Despite active study for decades, the stability of Hall thrusters is still not completely understood from first principles. Specifically, these devices exhibit several instabilities that are not completely characterized theoretically. These stability issues are problematic in two ways: the presence of instabilities may influence performance in-flight, and the lack of understanding of these phenomena makes it difficult to reproduce them with numerical simulation.

Hall thruster stability is studied in several ways. First, it can be examined experimentally in terms of empirical trends in oscillation characteristics with operating parameters. For example, the evolution of oscillation frequency with discharge voltage can be mapped experimentally to understand the stability of a thruster as a function of voltage. Second, it can be examined experimentally in terms of high-level performance metrics. For example, the evolution of power-normalized thrust with oscillation amplitude can be determined to illuminate the effect of instabilities on performance. Finally, it can be examined theoretically and numerically to understand the mechanism governing an instability. For example, a theoretical model can be developed and compared to low-level experimental data to assess the stability criteria for a certain oscillatory mode.

At PEPL, we have approached Hall thruster stability in all three ways. The work of McDonald et al. performed initial characterization of the Hall thruster breathing mode and spoke mode using high-speed imaging.
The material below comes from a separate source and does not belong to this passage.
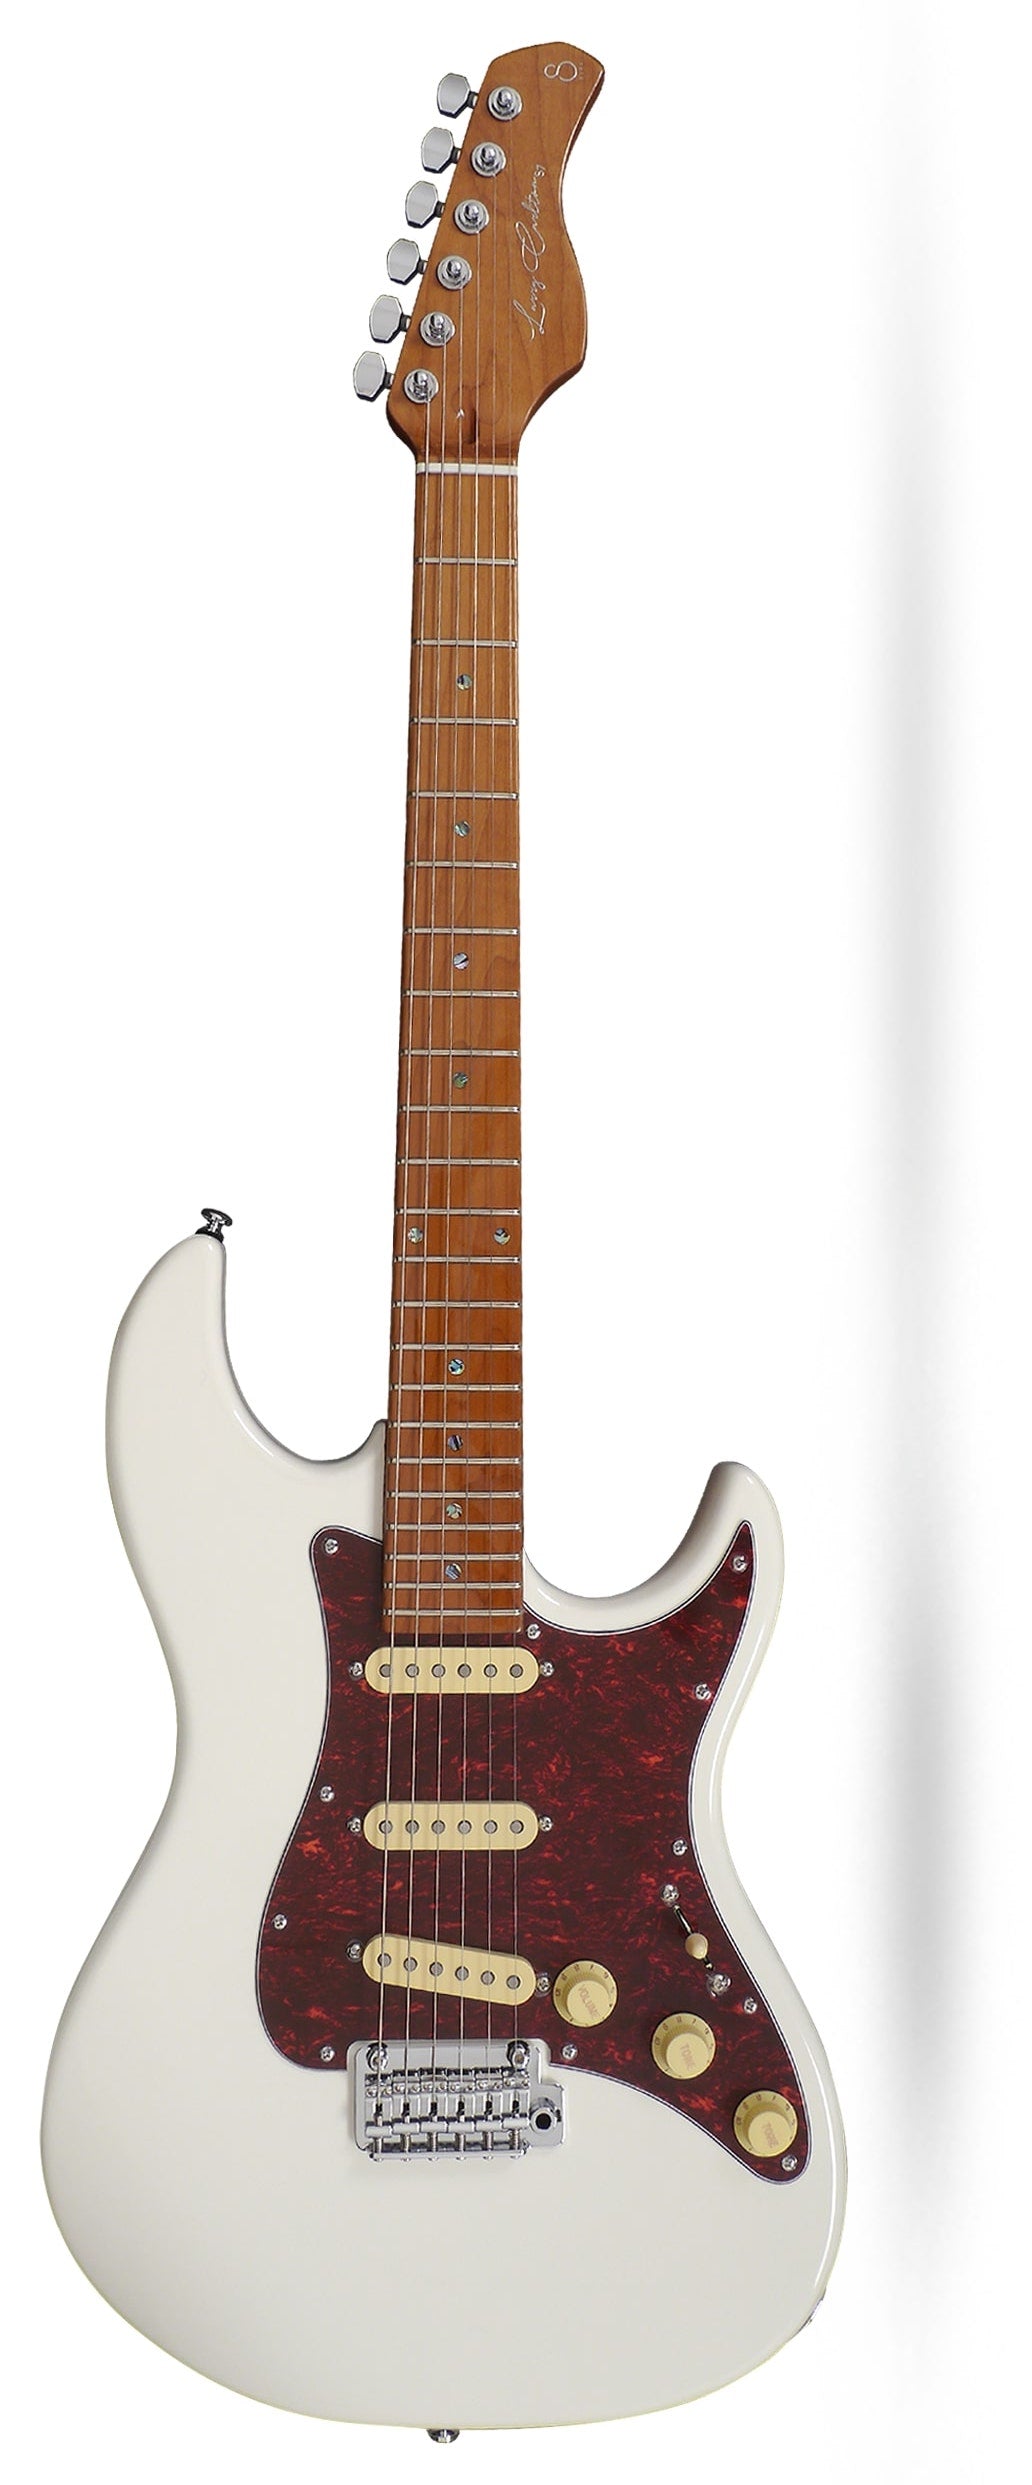 Larry Carlton S7 Vintage Sire Electric Guitar - Antique White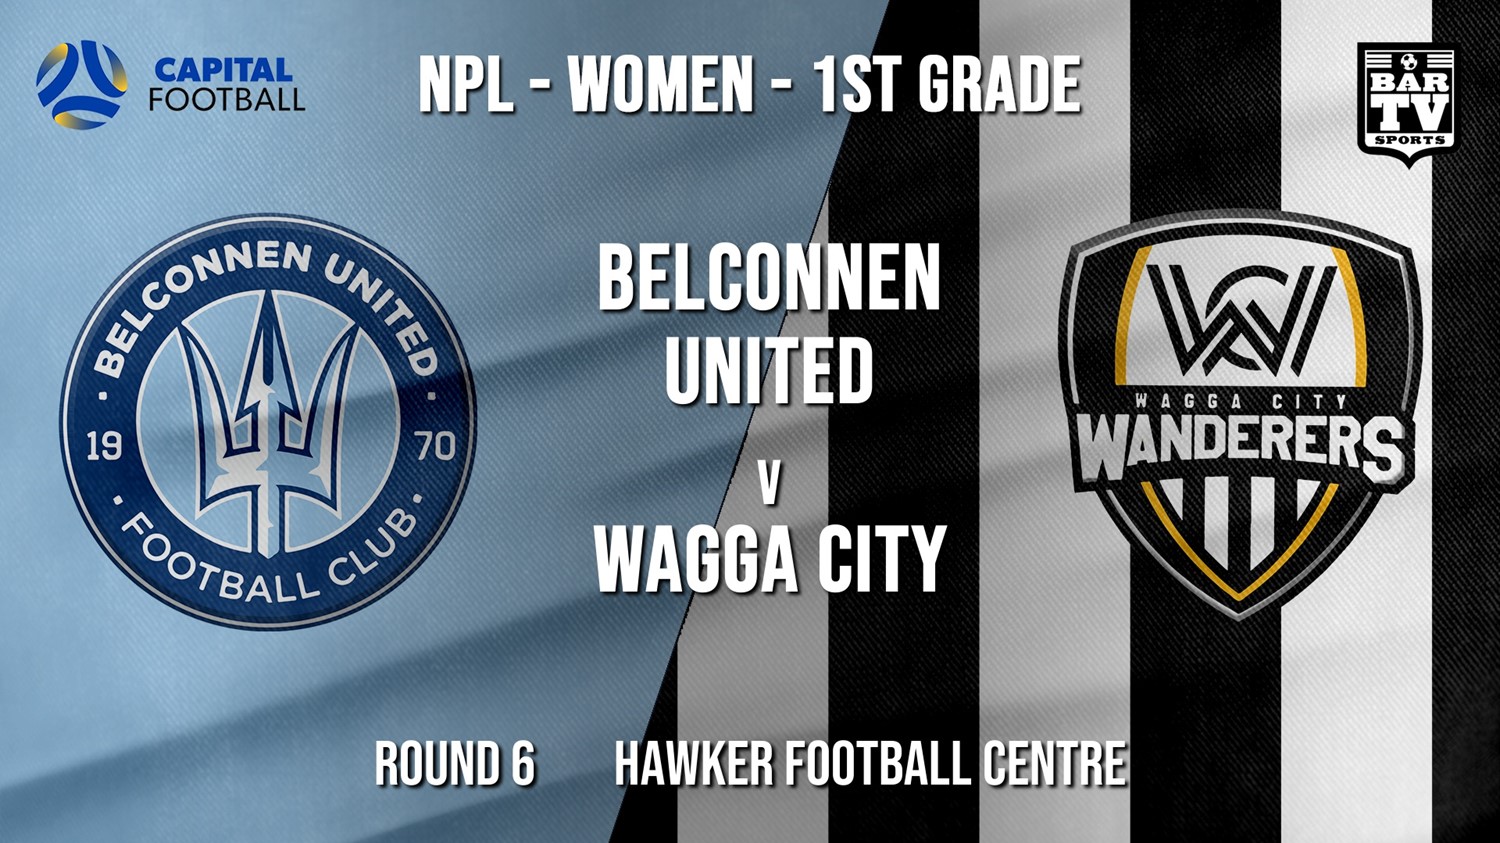 NPLW - Capital Round 6 - Belconnen United (women) v Wagga City Wanderers FC (women) Minigame Slate Image

Aside from identifying important trends in frequency and amplitude of these modes, McDonald found evidence that azimuthal spokes might play a role in electron transport in Hall thrusters. Sekerak et al. evaluated the changes in thruster performance with low-frequency oscillation strength and found that the breathing mode typically corresponds to low thrust-to-power. Finally, Dale et al. explored the breathing mode theoretically and numerically, finding that existing theories for it are insufficient. Dale performed additional experimental characterization of this mode and found evidence for the involvement of an upstream ionization process.

Selected Publications


  • Mode Transitions in Hall-Effect Thrusters Induced by Variable Magnetic Field Strength

    M.J. Sekerak, A.D. Gallimore, D.L. Brown, R.R. Hofer, and J.E. Polk

    AIAA Journal of Propulsion and Power, 10.2514/1.B35709, March 2016

  • Plasma Oscillations and Operational Modes in Hall Effect Thrusters

    Sekerak, M.

    University of Michigan, Ph.D. Dissertation, 2014

  • Perturbation analysis of ionization oscillations in Hall effect thrusters

    K. Hara, M.J. Sekerak, I.D. Boyd, and A.D. Gallimore

    Physics of Plasmas, Vol. 21, Issue. 20, pg. 122103, 2014

  • Mode transition of a Hall thruster discharge plasma

    K. Hara, M.J. Sekerak, I.D. Boyd, and A.D. Gallimore

    Journal of Applied Physics, Vol. 115, Issue 20, pg. 203304, 2014

  • Experimental Evidence for Ion Acoustic Solitons in the Plume of a Hollow Cathode

    Georgin, M.P., Jorns, B.A., and Gallimore, A.D.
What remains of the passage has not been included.